B Corresponding author. Email: ian.cousins@itm.su.se
Ian Cousins trained as an environmental chemist at Lancaster University (Ph.D.) and is now an Associate Professor at the Department of Applied Environmental Science (ITM) at Stockholm University in Sweden. His research program comprises a combination of experimental and modelling approaches to investigate the sources, transport, fate and exposure of organic pollutants, including perfluorinated alkyl substances (PFAS). The two coauthors of this critical review article are Ph.D. students in Ian's research group. |
Deguo Kong is a Ph.D. student at ITM. His main research interest is investigating the sources, environmental dynamics and fate of persistent organic pollutants (POPs) in the Arctic region. The tools used in his research are fugacity-based multimedia models which can be combined with field data to provide insights into the environmental distribution and levels of various POPs, including long-chain perfluorinated alkyl acids (PFAAs). |
Robin Vestergren is a Ph.D. student at ITM. His research focuses on elucidating the pathways of human exposure to long-chain perfluorinated alkyl acids (PFAAs) employing a combining measurement and modelling techniques.
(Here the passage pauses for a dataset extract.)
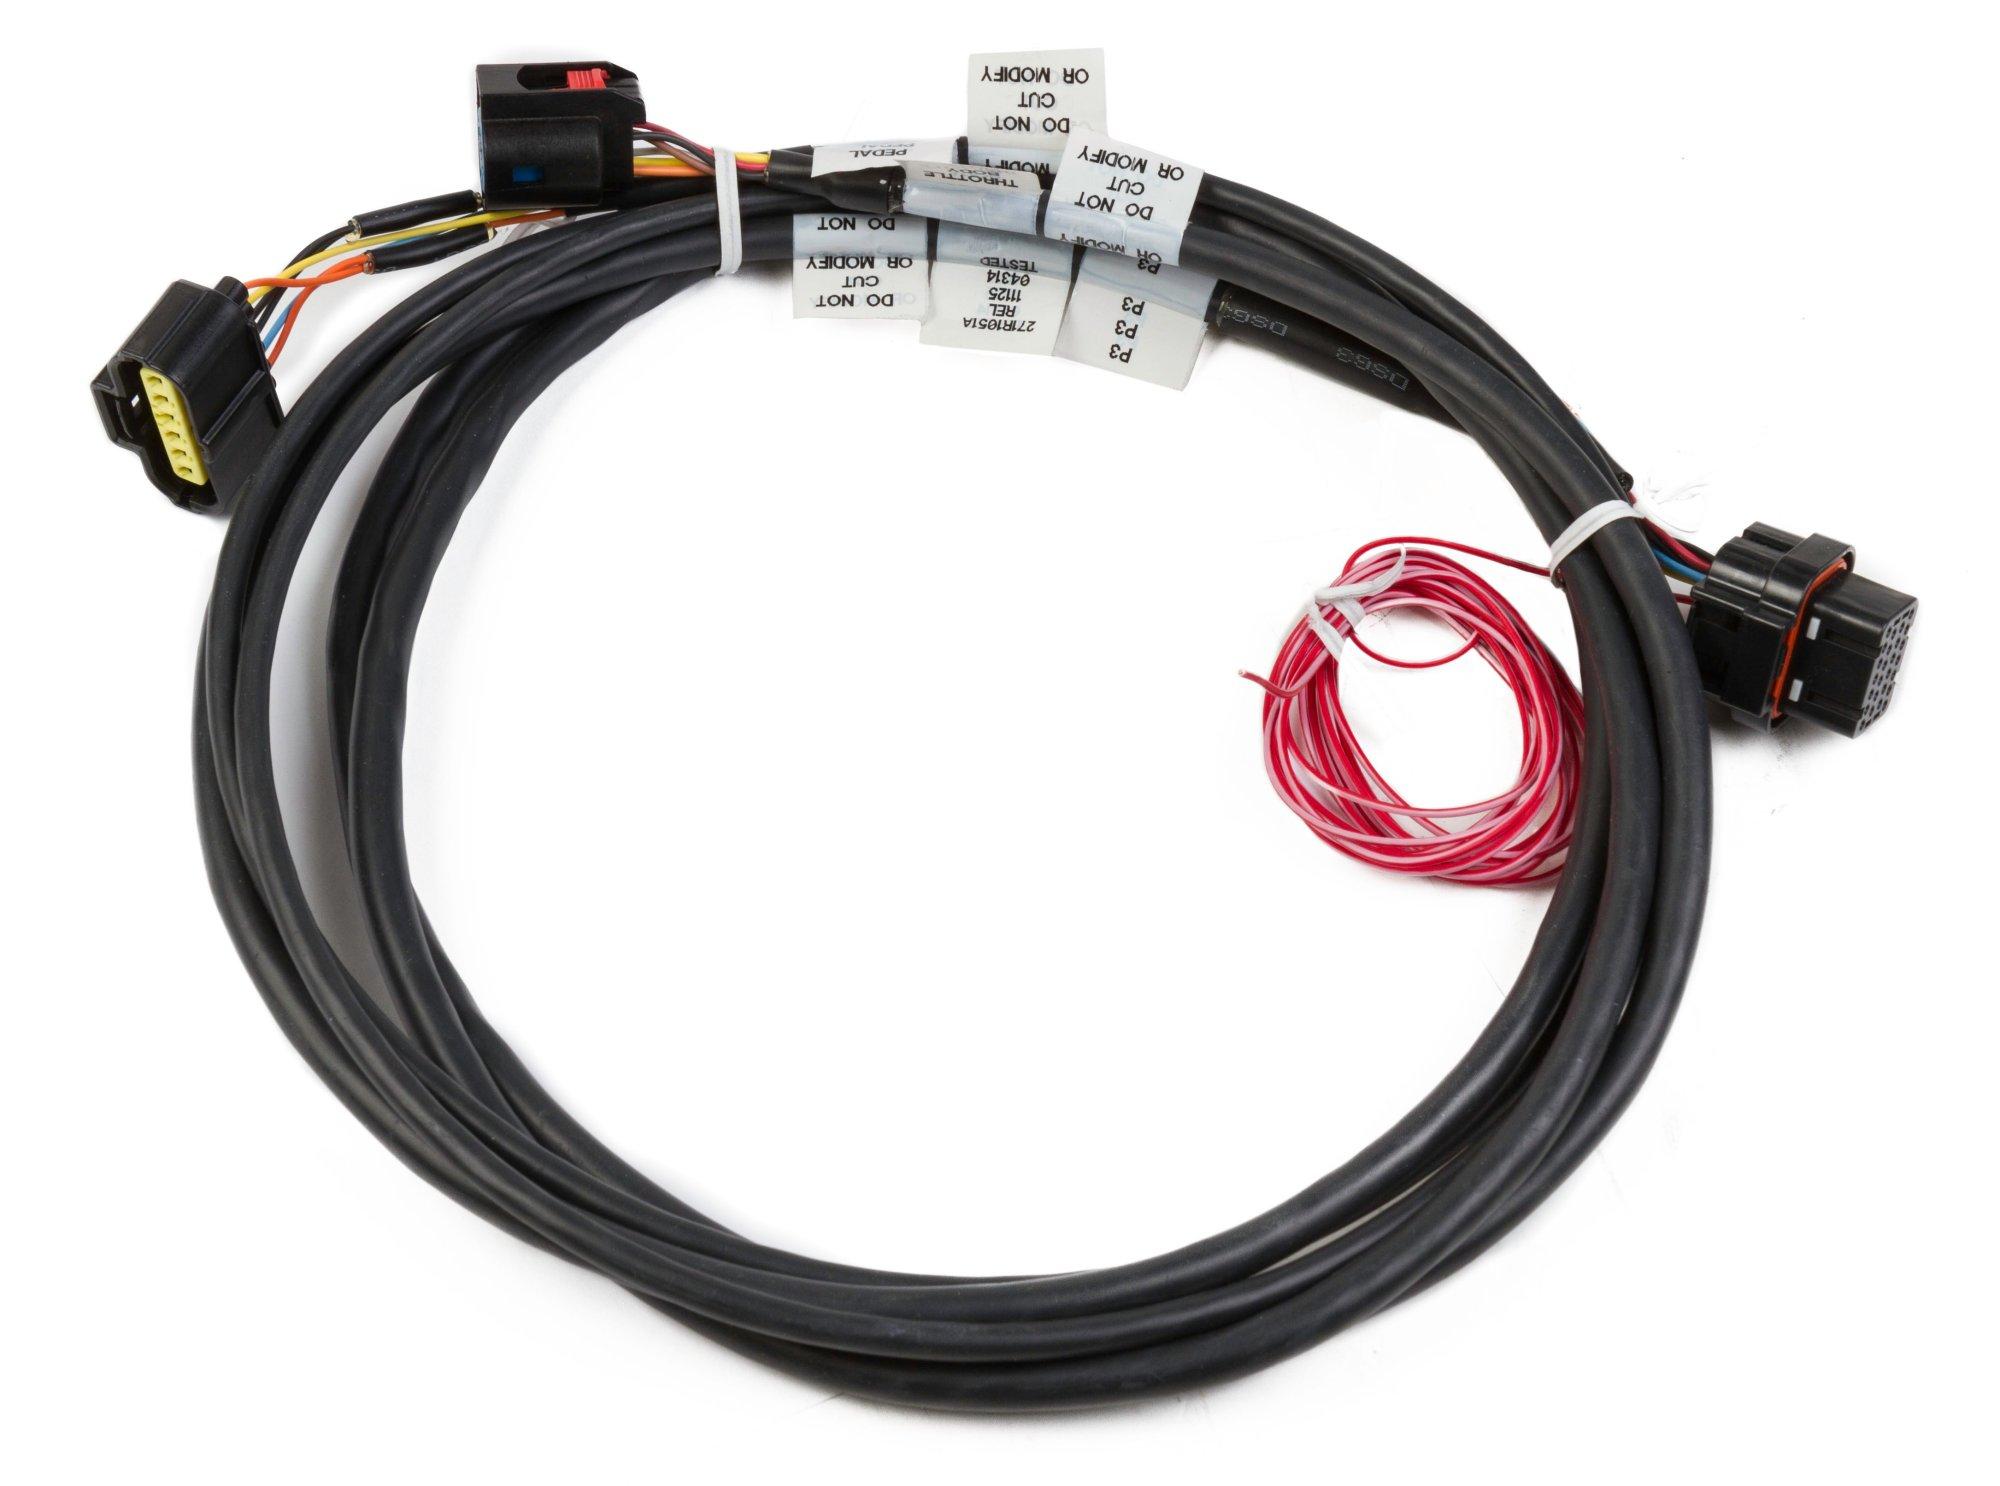 hight resolution of holley efi 558 417 gen iii hemi drive by wire harness early pedal 5 7 hemi swap wiring harness hemi wiring harness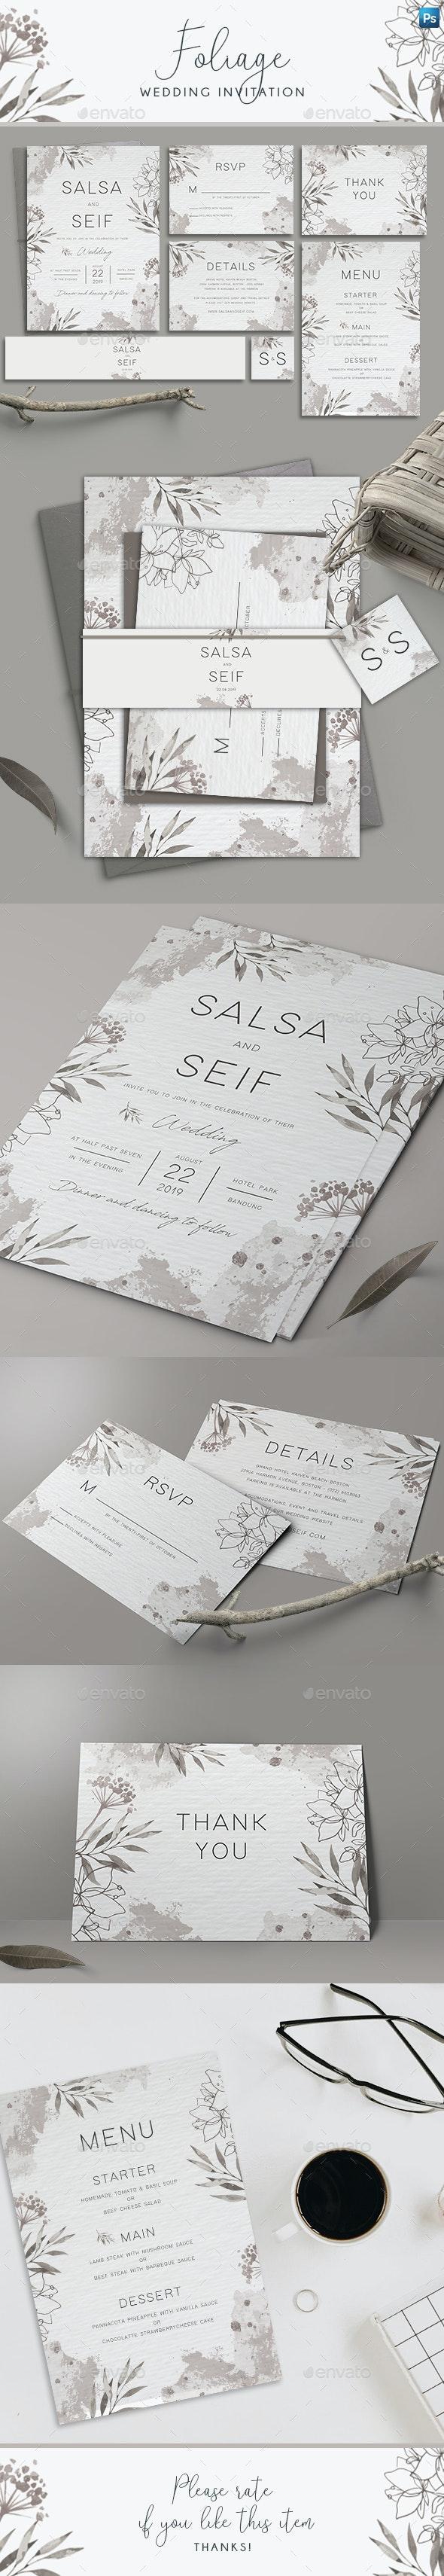 Monochrome Foliage Wedding Invitation - Weddings Cards & Invites

He is currently developing analytical methods to measure PFAAs at low concentrations in a variety of food matrices. |
Environmental Chemistry 8(4) 339-354 https://doi.org/10.1071/EN10144
Submitted: 31 December 2010 Accepted: 16 February 2011 Published: 19 August 2011
Journal Compilation © CSIRO Publishing 2011 Open Access CC BY-NC-ND
Environmental context. Five years ago a well-cited review of the sources and fate of perfluorinated carboxylates was published. The findings of that review are revisited here in light of recently published measurement and modelling studies of the sources and fate of these compounds, and an attempt is made to reconcile the many seemingly disparate findings reported. This review also aims to provide a road map for future research on the sources and fate of perfluorinated carboxylates and related compounds.
Abstract. This study critically evaluates the recently published measurement and modelling studies of the sources and fate of perfluorinated carboxylates (PFCAs). It is concluded that modelling studies provide support to the ‘direct hypothesis’ for PFOA and PFNA (i.e. the global dominance of direct sources (mainly from fluoropolymer manufacturing)). Empirical evidence for the importance of direct sources of PFOA and PFNA is provided by PFNA : PFOA ratios and isomer profiles of PFOA in ocean water. However, homologue patterns of long-chain PFCAs in biota from remote regions suggest that indirect sources (mainly from precursor degradation) are proportionally more important for PFCAs with more than 10 carbons. Temporal data in biotic and abiotic media are reviewed and an increasing trend to 2000 is observed for all PFCAs, with discrepancies in time trends reported after that period. Some studies on temporal patterns report a levelling off or decline in the latter part of the 2000s for PFOA and PFNA, whereas others show a continual increase throughout the study period. Differences in temporal patterns result from the fact that some environments respond faster to emission changes than others and may thus be useful to elucidate the importance of direct and indirect sources to different regions.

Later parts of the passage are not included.